La Maison de Lorette est d’abord la maison de Pauline Jaricot (1799-1862). Elle accueille chaque année des milliers de pèlerins venus du monde entier pour honorer la mémoire de cette figure originale et visionnaire de l’Église. À l’origine d’oeuvres spirituelles considérables, Pauline Jaricot a joué un rôle clé dans l’essor du mouvement missionnaire au XIXème siècle. Des centaines d’oeuvres de charité établies aujourd’hui dans plus de 140 pays du monde (écoles, orphelinats, dispensaires, etc.) continuent de bénéficier de son oeuvre.

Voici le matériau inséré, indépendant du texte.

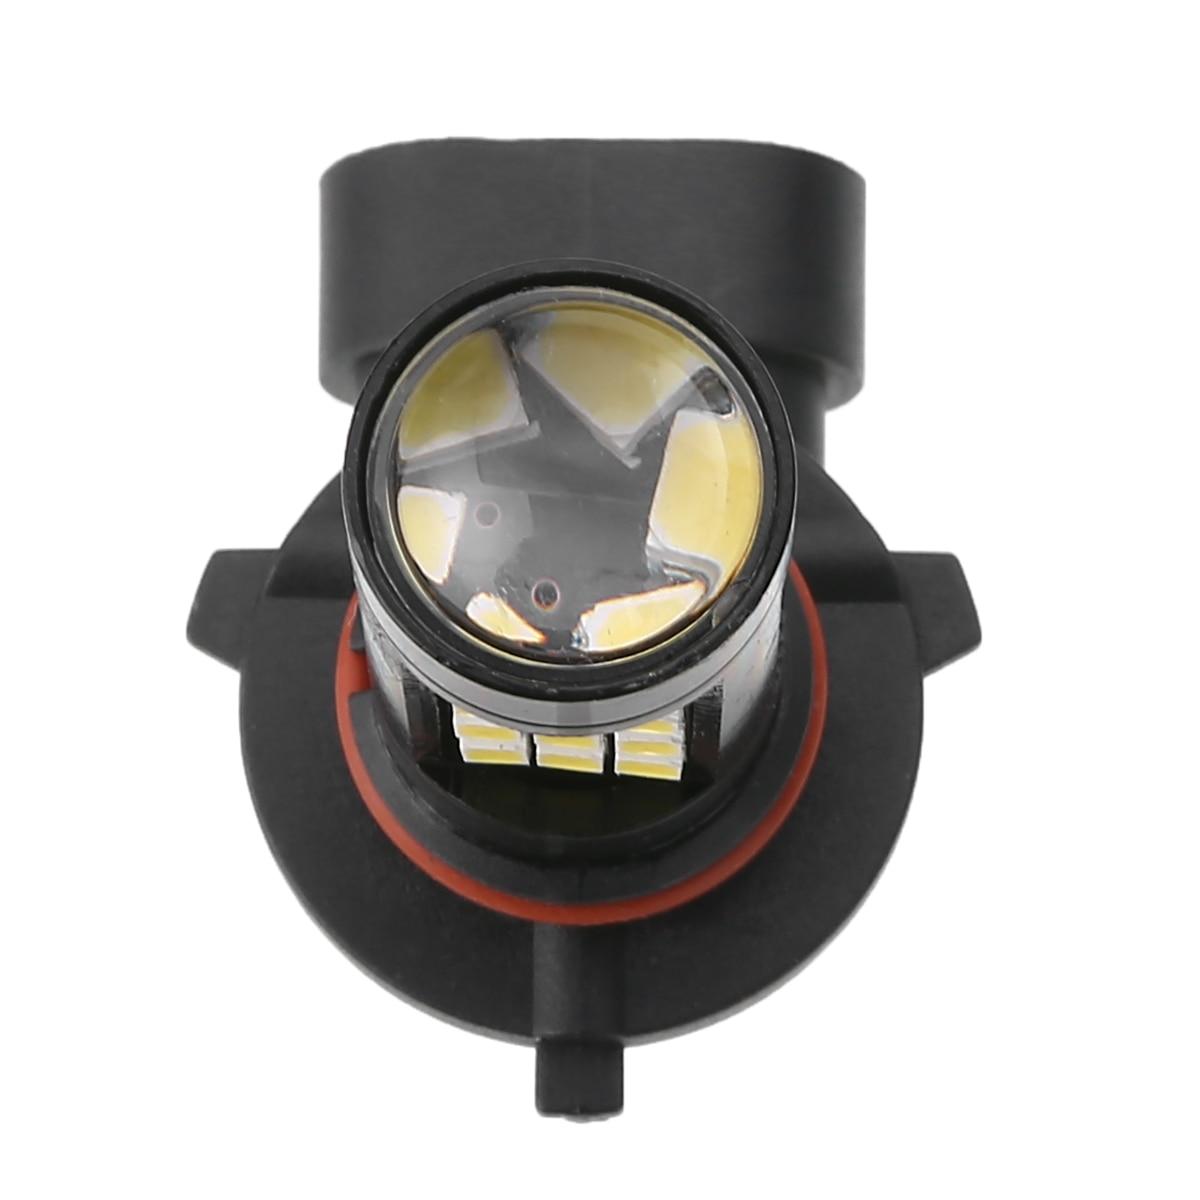 2pcs 9006 HB4 2835 42SMD LED Canbus Error Free 12V Fog Lamp Daytime Running Light Bulb Turning Parking Bulb 6500K White

La Maison de Lorette est un lieu de patrimoine et de culture. Sa date de construction, 1520, nous renvoie aux grandes heures de l’histoire culturelle lyonnaise, quand la ville s’affirmait dans l’Europe de la Renaissance comme une place forte de la liberté intellectuelle et de l’humanisme chrétien, ouverte à tous les arts et à tous les savoirs. Depuis sa rénovation en 2005, la Maison dévoile à ses visiteurs les nombreux trésors de son patrimoine (voie romaine, architecture renaissance, marqueterie, fresques en trompe-l’oeil, etc.) qui lui ont valu d’être inscrite à l’inventaire supplémentaire des Monuments historiques.

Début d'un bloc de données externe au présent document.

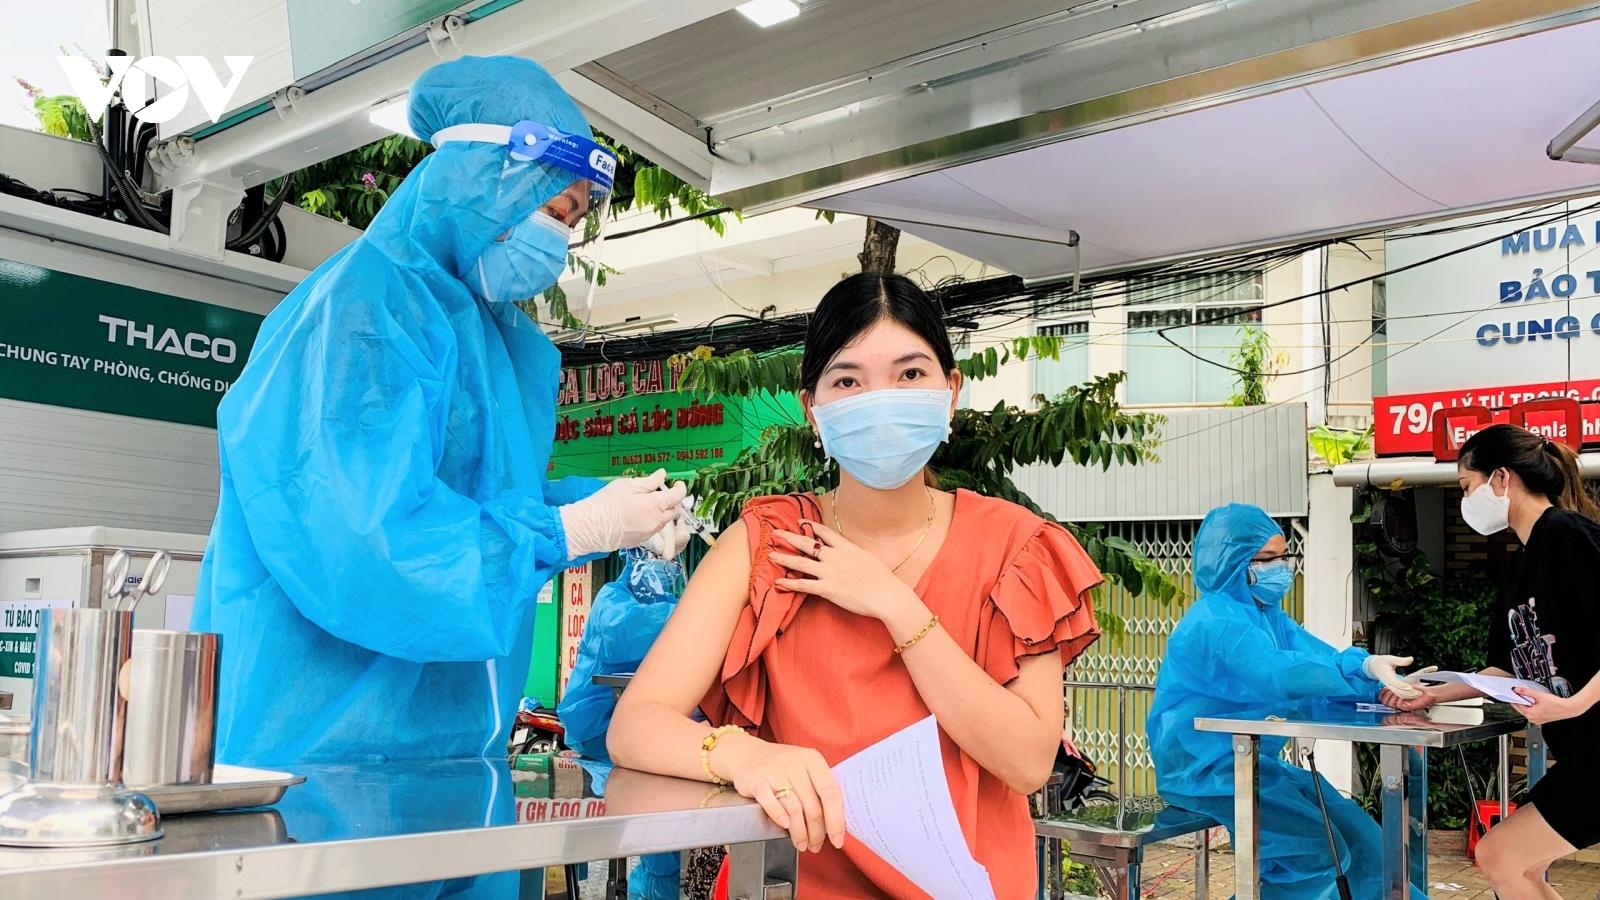 Vẫn còn một số nơi tiến độ tiêm vaccine Covid-19 còn chậm, chưa nỗ lực

La Maison de Lorette est un lieu de réflexion sociale. Pauline Jaricot y a œuvré pour donner à la vertu de charité la forme particulière d’un combat pour la justice sociale. L’originalité de ses différents projets, que ce soit la création d’une banque sans intérêts pour les ouvriers ou d’une usine autogérée, fait d’elle une figure inspirante pour penser aujourd’hui les conditions d’une plus grande communion sociale ou politique. Dans les désordres du capitalisme industriel naissant, la riche demeure bourgeoise était devenue le cœur battant d’une utopie sociale catholique.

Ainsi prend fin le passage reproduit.